Федя Калмыков, братья Карабаевы и другие

На двубортной гимназической тужурке уже не было маленьких серебряных пуговиц — этих немых хранителей благообразия казенной русской школы. Пуговицы Федя Калмыков недавно срезал, и, к его немалому удовольствию, тужурка приняла цивильный вид. Сейчас вольность этого поступка была еще продолжена: был надет высокий гуттаперчевый воротничок с полукруглыми отогнутыми концами; они высунули свои белоснежные, твердые, надломленные язычки, и, чтобы не стеснить дыхания, пришлось отстегнуть на вороте верхний крючочек застежки. В тот же час, когда надевался франтовской гуттаперчевый воротничок, было учинено еще одно преступление против правил министерства народного просвещения и высочайше утвержденного положения о форме воспитанников среднеучебных заведений: был поврежден, испорчен вколотый в темносиний околыш фуражки старый гимназический герб… Жестяные, скрещенные внизу веточки должны были, казалось,) вот-вот друг от друга отпасть: скреплявшие их в середине герба две буквы «С» и «Г» (Смирихинская гимназия) были выломлены и брошены на пол. Жестяные веточки на фуражке, как и лакированный пояс с медной, посеребренной бляхой, все же оставались принадлежностью туалета Феди Калмыкова.

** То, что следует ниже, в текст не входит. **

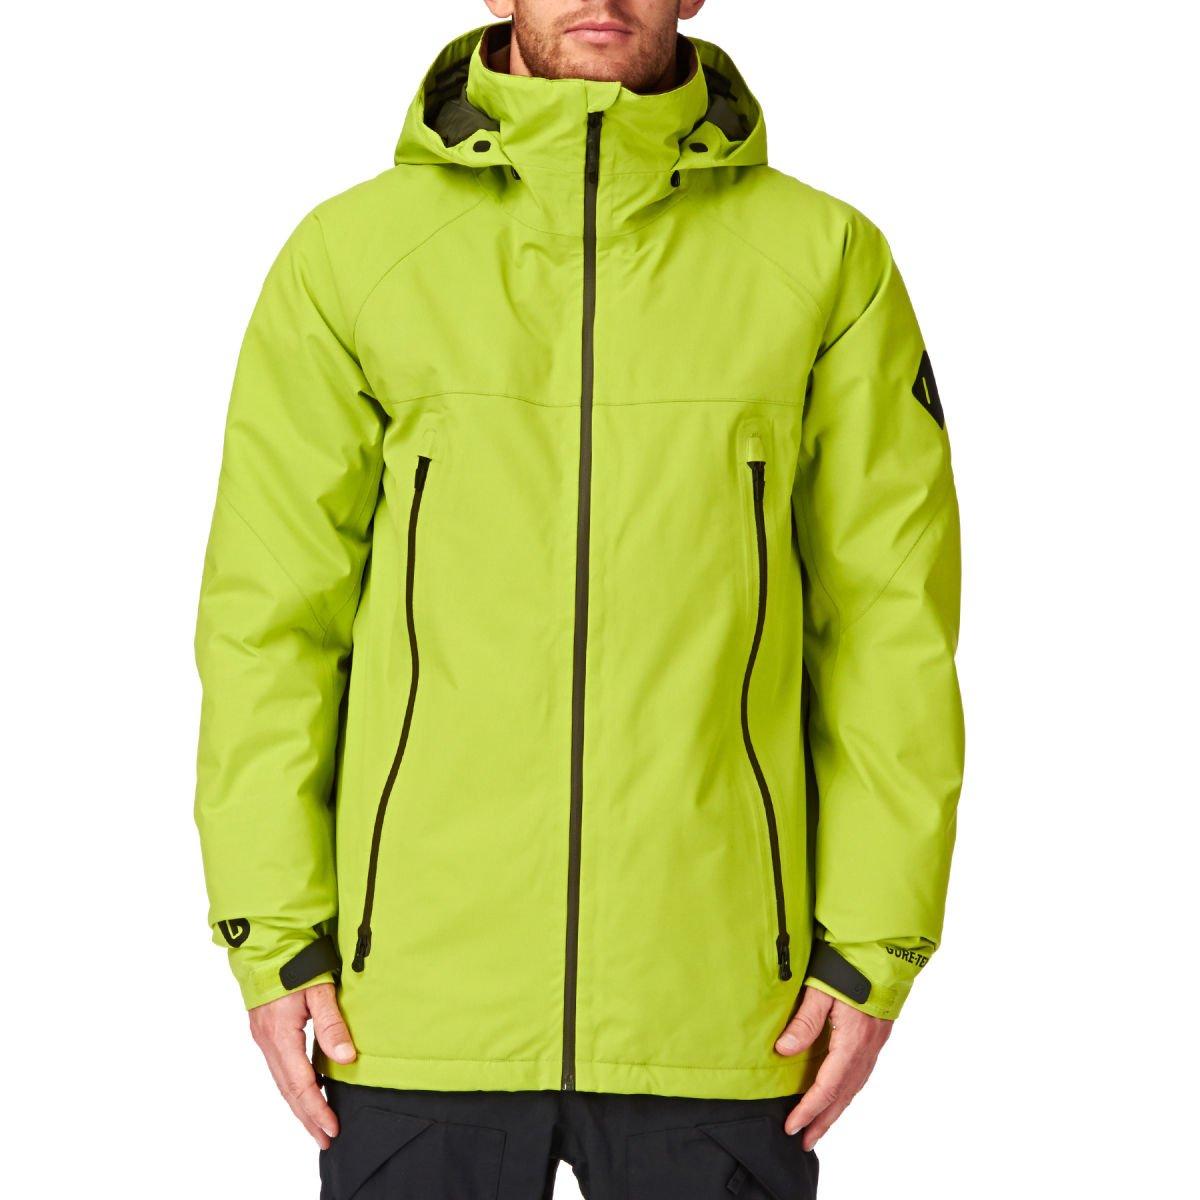 Burton Ether Snow Jacket – Venom jetzt bestellen

Традиция, этот не писаный, но священный закон, руководила теперь его поступками; за полгода до окончания гимназии можно срезать пуговицы на тужурке, выламывать буквы из герба; перед выпускными экзаменами должно уже оставить в гербе только одну веточку, сбросить пояс, демонстративно показать инспектору свой портсигар.

Золотые пуговицы с накладными гербами российской державы, синеголубая фуражка должны были вскоре заменить собой опротивевшую, гимназическую форму. В студентстве предвкушалась радость освобождения и недоступная до сего вольница жизни, суждений и поступков.

Золотые накладные орлы на пуговицах не представляли этому никакой угрозы; напротив, было теперь так, что этот символ державной империи на тужурках и косоворотках молодежи служил приметой «внутренних врагов» самодержавного престола. Федя Калмыков уже видел себя в их рядах, хотя не надевал еще студенческой фуражки.

Сегодня ощутил это с большей силой, чем всегда, хотя и без всякого повода к тому. Вернее, повод — косвенный — был: предстоящее знакомство с Львом Павловичем.

Пусть Карабаев и не социалист (а он, Федя, считает себя социалистом), он даже не знает, республиканец ли Лев Павлович по убеждениям, но все же в своих выступлениях и в Думе и в печати, об этом всегда с гордостью говорила Ириша, он ратовал за «лучшее будущее» России и этим вызывал Федину приязнь.

— Вот и все, — без всякой цели и смысла сказал Федя, не слыша своего голоса. Это был секундный перебой в мышлении, а мать, Серафима Ильинична, всегда принимала его за исключительную рассеянность своего безусловно нервного, — как уверяла всех, — сына.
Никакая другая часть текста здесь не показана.